[Extracted records]

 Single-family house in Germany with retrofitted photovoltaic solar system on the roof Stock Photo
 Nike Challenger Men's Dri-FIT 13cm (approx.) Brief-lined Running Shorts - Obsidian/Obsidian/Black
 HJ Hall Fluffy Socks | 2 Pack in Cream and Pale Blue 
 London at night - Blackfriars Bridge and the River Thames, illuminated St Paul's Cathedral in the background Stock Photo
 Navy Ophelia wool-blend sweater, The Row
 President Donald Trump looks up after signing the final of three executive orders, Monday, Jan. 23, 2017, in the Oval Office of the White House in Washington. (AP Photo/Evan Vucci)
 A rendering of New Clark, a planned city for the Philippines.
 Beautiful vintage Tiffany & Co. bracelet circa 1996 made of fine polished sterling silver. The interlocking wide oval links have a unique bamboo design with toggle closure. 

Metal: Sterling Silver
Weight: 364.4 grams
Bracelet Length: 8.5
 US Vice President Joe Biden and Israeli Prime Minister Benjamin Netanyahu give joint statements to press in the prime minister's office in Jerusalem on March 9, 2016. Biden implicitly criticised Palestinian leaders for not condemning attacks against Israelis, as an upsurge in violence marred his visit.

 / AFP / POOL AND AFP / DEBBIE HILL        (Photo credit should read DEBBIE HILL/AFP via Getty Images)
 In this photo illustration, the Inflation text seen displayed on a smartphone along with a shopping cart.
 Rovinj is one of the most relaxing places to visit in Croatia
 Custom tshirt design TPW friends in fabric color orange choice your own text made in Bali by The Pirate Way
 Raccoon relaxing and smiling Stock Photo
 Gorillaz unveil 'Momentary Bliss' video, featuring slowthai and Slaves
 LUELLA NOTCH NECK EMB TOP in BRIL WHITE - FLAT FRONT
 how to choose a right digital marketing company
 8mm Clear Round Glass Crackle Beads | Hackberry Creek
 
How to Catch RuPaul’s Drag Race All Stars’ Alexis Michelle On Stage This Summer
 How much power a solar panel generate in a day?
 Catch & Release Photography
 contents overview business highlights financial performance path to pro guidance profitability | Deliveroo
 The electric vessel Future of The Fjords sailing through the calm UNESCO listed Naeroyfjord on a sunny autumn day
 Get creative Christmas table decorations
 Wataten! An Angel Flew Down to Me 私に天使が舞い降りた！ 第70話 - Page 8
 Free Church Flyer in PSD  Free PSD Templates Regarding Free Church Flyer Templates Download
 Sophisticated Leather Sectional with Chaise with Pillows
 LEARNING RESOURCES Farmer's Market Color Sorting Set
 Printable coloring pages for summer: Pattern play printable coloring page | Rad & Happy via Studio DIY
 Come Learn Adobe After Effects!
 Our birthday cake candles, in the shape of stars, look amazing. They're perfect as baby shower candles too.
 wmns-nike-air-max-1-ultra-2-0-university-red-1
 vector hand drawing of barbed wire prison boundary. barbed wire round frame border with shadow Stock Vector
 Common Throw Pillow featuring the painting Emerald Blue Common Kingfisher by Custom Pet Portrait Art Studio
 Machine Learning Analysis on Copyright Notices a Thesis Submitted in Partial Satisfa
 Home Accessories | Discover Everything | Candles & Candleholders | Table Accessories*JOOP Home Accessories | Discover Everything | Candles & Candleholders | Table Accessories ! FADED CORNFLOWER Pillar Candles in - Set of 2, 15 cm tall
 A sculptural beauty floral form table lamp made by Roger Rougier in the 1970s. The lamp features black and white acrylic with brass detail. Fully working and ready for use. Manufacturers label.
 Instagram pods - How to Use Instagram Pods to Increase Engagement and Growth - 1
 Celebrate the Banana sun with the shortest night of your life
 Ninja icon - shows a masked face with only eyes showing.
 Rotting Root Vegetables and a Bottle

## WORK INSTRUCTIONS
Once you find the line containing "Celebrate the Banana", copy it and every line after it through the end of the records, exactly and nothing else.

## RESPONSE AREA
 Celebrate the Banana sun with the shortest night of your life
 Ninja icon - shows a masked face with only eyes showing.
 Rotting Root Vegetables and a Bottle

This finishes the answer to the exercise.